Calendar sync between Outlook for Mac and iPhone typically goes through your Exchange or Microsoft 365 account server, not a direct Mac-to-phone connection. So the fix usually isn't on the Mac side at all, check whether the iPhone's Outlook app (or the native Calendar app, if you're using Exchange sync) shows the same missing events. If the Outlook app on your iPhone is also missing events, sign out of the Outlook app on your phone and sign back in. If the native Calendar app is the problem, go to Settings > Calendar > Accounts on your iPhone, remove the Exchange account, and re-add it. This forces a fresh sync from the server.
How do I back up my Outlook for Mac emails before doing a major fix?
The simplest backup is to export to an OLM file.
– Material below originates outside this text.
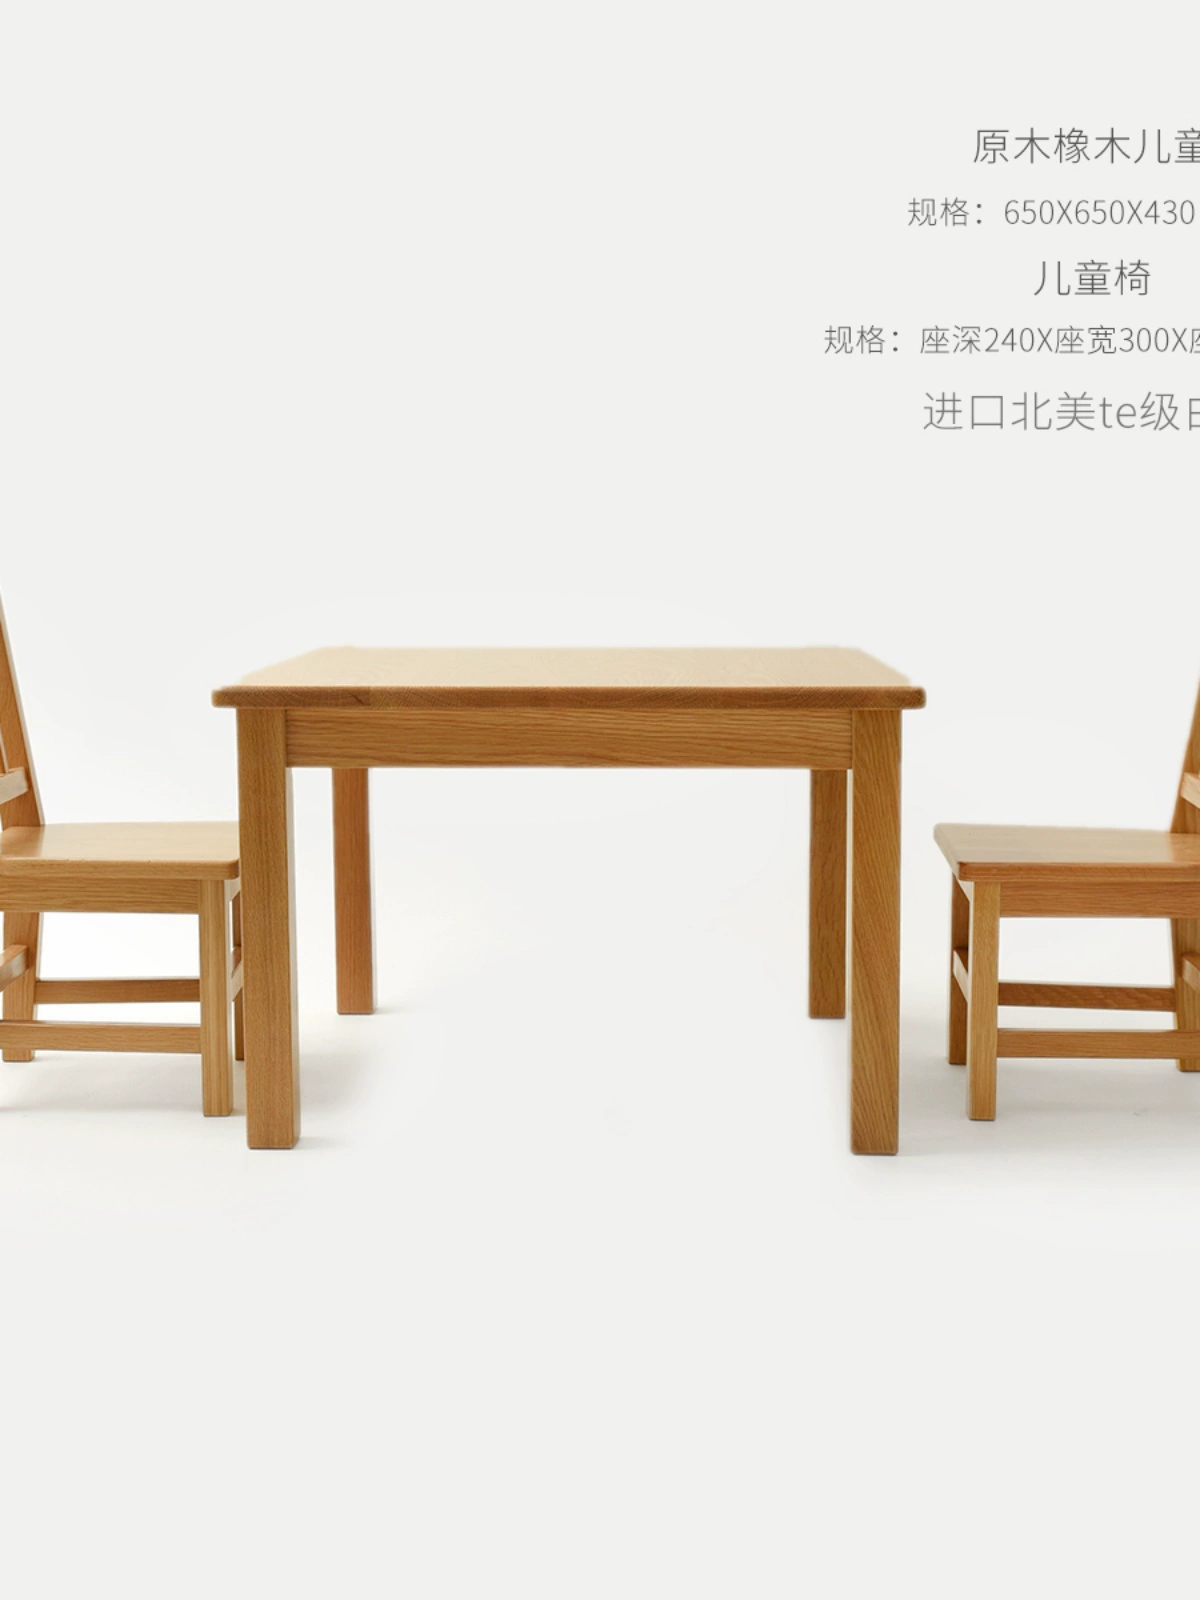 實木兒童桌椅套裝 橡木櫸木 手工桌 小方桌 餐桌椅三件套

In Outlook, go to File > Export, select "Outlook for Mac Data File (.olm)," choose what to include (mail, calendar, contacts), and save to an external drive or cloud storage. An OLM file can be re-imported into Outlook for Mac later via File > Import. You can also just copy your entire profile folder to an external drive: it's located at ~/Library/Group Containers/UBF8T346G9.Office/Outlook/Outlook 15 Profiles/. For most people on Exchange or Microsoft 365, though, your email lives on the server and you don't technically need a local backup, just know that any locally-stored items (in "On My Computer" folders) are only in the local database and must be exported manually.
Outlook for Mac is extremely slow, emails take forever to load. How do I speed it up?
Slow Outlook on Mac usually comes down to three things: a bloated local database, too many cached folders from a large mailbox, or an overloaded background sync. First, rebuild your database using the Microsoft Database Utility (Step 2 above), this compacts the SQLite file and removes fragmentation that builds up over time. Second, check how many folders Outlook is syncing. If you have hundreds of folders with thousands of items each, go to Tools > Accounts, click your account, and look for folder caching settings. Finally, check Activity Monitor for Outlook's CPU and memory usage, if it's consistently above 80% CPU, something is looping in the background, and a fresh profile (Step 5) usually fixes it.
After a macOS upgrade, Outlook for Mac looks broken, fonts are wrong and the layout is messed up. What happened?
Major macOS upgrades sometimes change how the system renders fonts and UI elements, and Outlook's preferences file can hold cached rendering values that become incompatible. The fix here is straightforward: reset your preferences file (Step 4), which forces Outlook to re-initialize all its visual settings against the current macOS rendering engine. Also make sure you've updated Outlook itself to the latest build via Microsoft AutoUpdate, Microsoft ships compatibility updates for new macOS versions within days of Apple's releases, and running the old build on the new OS is asking for rendering glitches. If the issue persists, toggle between "New Outlook" and "Legacy Outlook" using the toggle in the top-right corner, they use different rendering engines, and one may look better on your system.